George Edward Negus (born 13 March 1942 in Brisbane, Queensland) is an Australian author, journalist, and television presenter who has been hosting the Dateline current affairs programme for the SBS network since 2005.
In October 2010, Negus announced that he would be leaving SBS, moving to Network Ten at the end of the year. He will present an as-yet unnamed news-based programme at Ten.
Negus studied arts and journalism at the University of Queensland. Negus attended Indooroopilly State High School located in the suburb of Indooroopilly in Queensland.
Negus was a high school teacher before writing for The Australian and The Australian Financial Review. He served as press secretary for Attorney-General Lionel Murphy. He became most prominent, however, as a reporter for This Day Tonight, a pioneering current affairs show on the ABC which began in 1967 and continued through the late 1960s and into the 1970s, and later in the heyday of the Australian 60 Minutes from 1979 until 1986, and then hosted Today until 1990.
From 1992 until 1999, he hosted the ABC's foreign-themed current affairs Foreign Correspondent. After this project he went to live in Italy for several years.
In 2002, Negus returned to the ABC and hosted the early evening timeslot show George Negus Tonight covering "trends and issues with an Australia-wide team of reporters and producers". The show was axed in November, 2004.
In 2005, Negus went on to host Dateline on the SBS network.
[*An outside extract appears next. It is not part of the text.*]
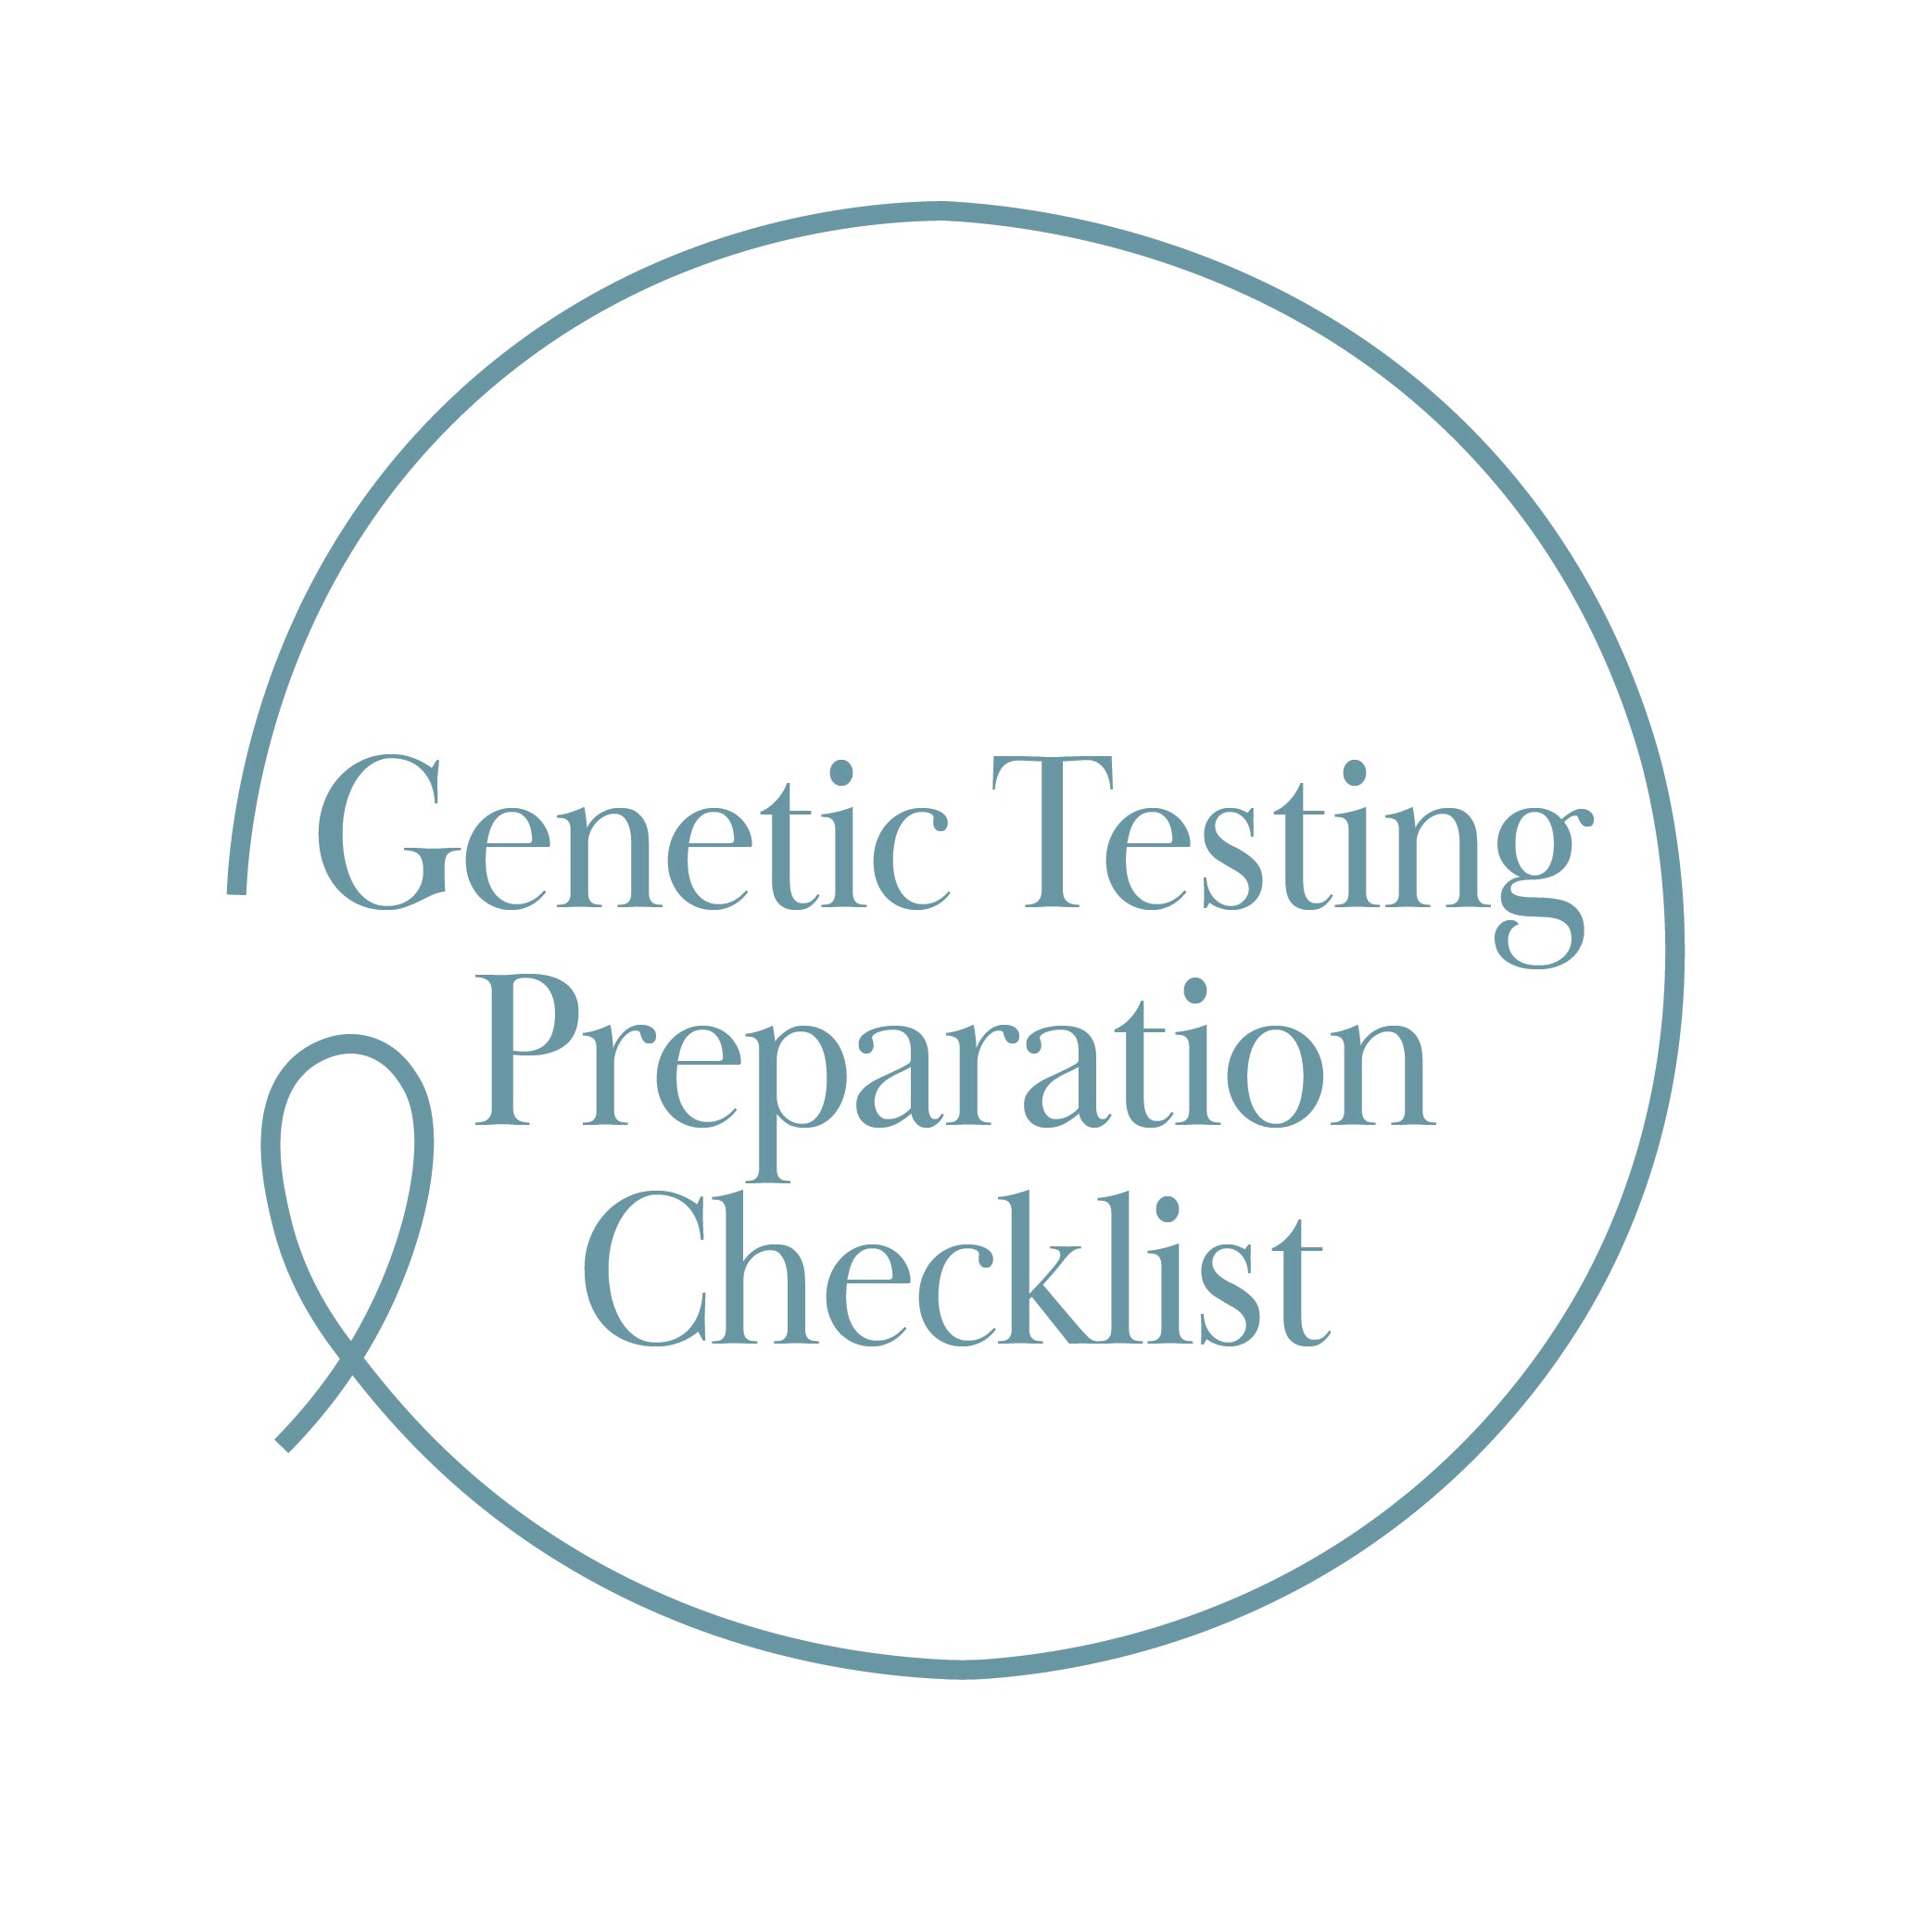 Genetic Testing Preparation Checklist

Negus has also written several books, including one based on his time in Italy, and co-wrote a series of children's books with Kirsty Cockburn, his partner, in the early 1990s. His latest, successful book is The World from Islam, an investigation of the Islamic world.
Negus lives on a farm near Bellingen on the New South Wales northern coast, with his partner, Kirsty Cockburn, herself a journalist and a collaborator on many of Negus's projects, and their sons Ned and Serge. Negus is a fan of association football and a former board member of the national governing body Soccer Australia, as it was known at the time.